Until the incentive structure changes, the outcome won’t.

8. AI is Not the Disruption: It’s an Amplifier

AI is increasingly positioned as a transformative force in cyber security: either as a defensive breakthrough or an existential threat.

The reality, as usual, is more grounded.

The 2025/26 survey and surrounding commentary highlight AI as an emerging risk amplifier.

But AI is not fundamentally changing the problem space.

It is:

  • Increasing attack scale and automation
  • Improving social engineering quality
  • Lowering the barrier to entry for attackers

Which means:

AI doesn’t create new vulnerabilities.
It industrialises existing ones.

So if the underlying system remains unchanged, AI will simply make its weaknesses more visible, more frequent, and more costly.

While AI is increasing the speed and scale of attacks, its primary effect is to amplify existing weaknesses, particularly in detection and human-factor vulnerabilities, rather than fundamentally changing the structure of cyber risk.

9. The Sectoral Insight: Cyber is a System, Not a Capability

Across this Cyber Sectoral Analysis series, a consistent theme has been emerging: that cyber security cannot be understood in isolation.

It is not a function you “install” into an organisation. It is a property of the system as a whole.

The Breaches Survey reinforces that:

  • Organisations are individually rational but collectively vulnerable
  • Supply chains remain under-secured
  • Human factors dominate technical controls
  • Detection ≠ prevention ≠ resilience

This reframes the problem:

Cyber resilience is not about:

  • Tools
  • Controls
  • Compliance

It is about system design.

And until we design for resilience at the system level, improvements at the organisational level will remain partial and fragile.

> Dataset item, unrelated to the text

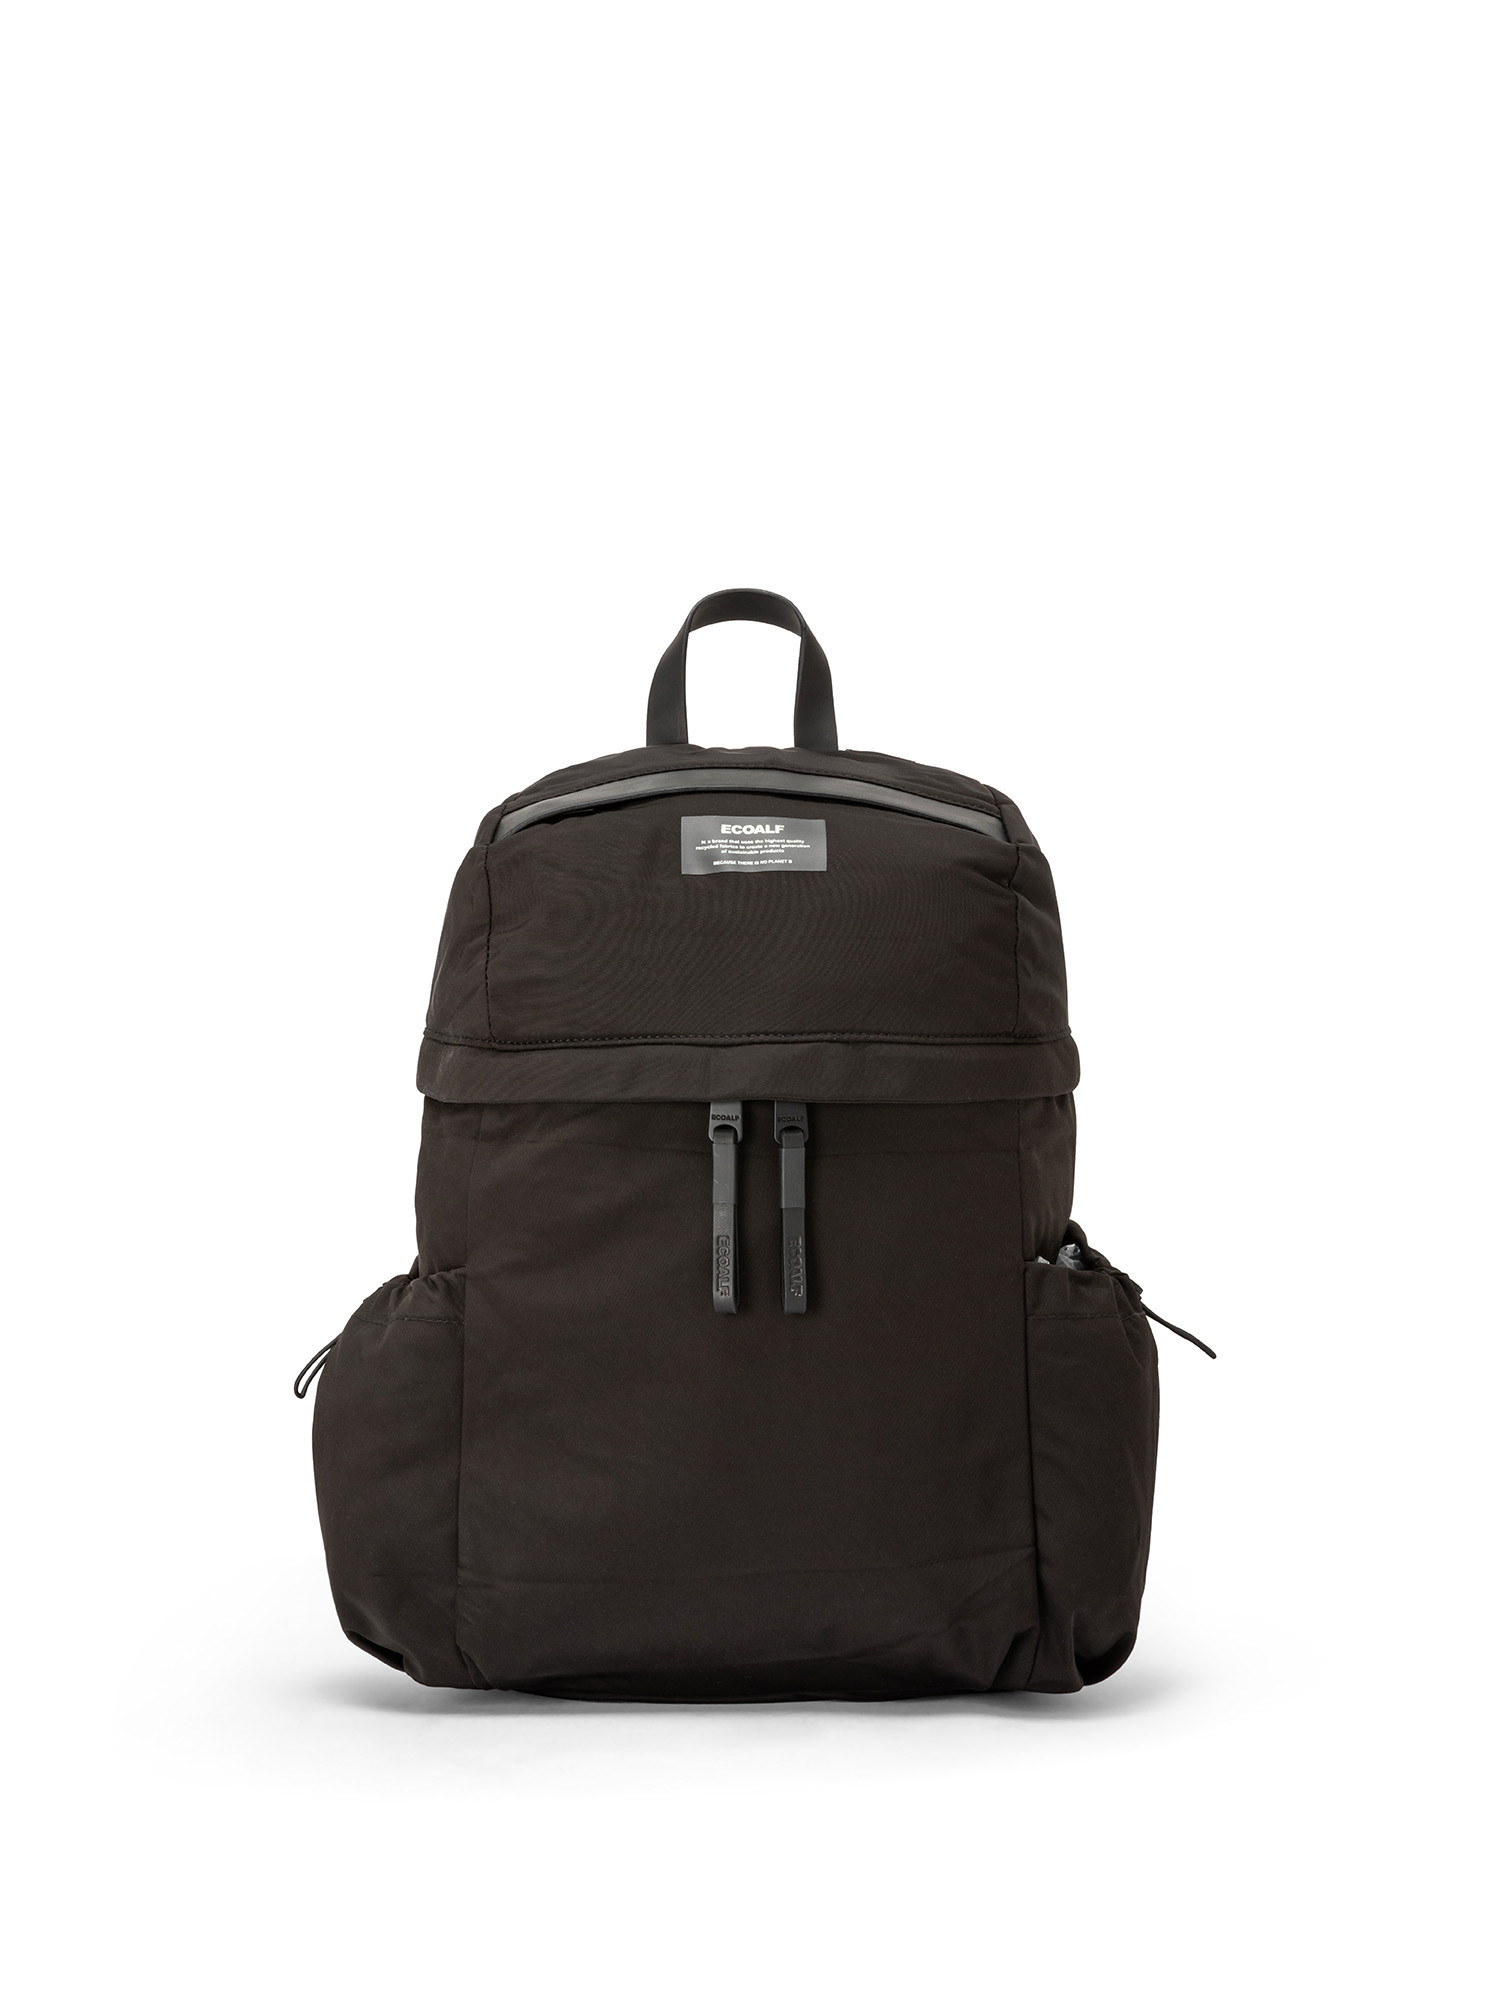 Ecoalf - Waterproof Mom Backpack, Black, large image number 0

10. What This Means for the UK Cyber Ecosystem

If you step back from the individual data points, a broader picture of the UK cyber ecosystem comes into focus.

And it is one defined less by failure, and more by incomplete transformation.

From a sectoral perspective, three implications stand out:

10.1 The “Long Tail” Problem Persists

Hundreds of thousands of SMEs remain:

  • Under-protected
  • Under-trained
  • Under-incentivised

Yet they are deeply embedded in national supply chains.

This is not an edge case: it is the core structural risk.

10.2 Resilience is Becoming the Core Metric

The question is shifting from:

“Can we prevent breaches?”

to:

“Can we absorb and recover from them?”

This aligns directly with:

  • NCSC resilience framing
  • Emerging UK cyber policy direction
  • The growing emphasis on testing and assurance

Which suggests a transition from security as protection to security as adaptation.

10.3 Measurement is Still Weak

Finally, and perhaps most critically, we are still operating with limited visibility.

We still lack:

  • Reliable detection baselines
  • Consistent reporting
  • Clear economic impact models

Which means:

We are optimising a system we cannot fully observe.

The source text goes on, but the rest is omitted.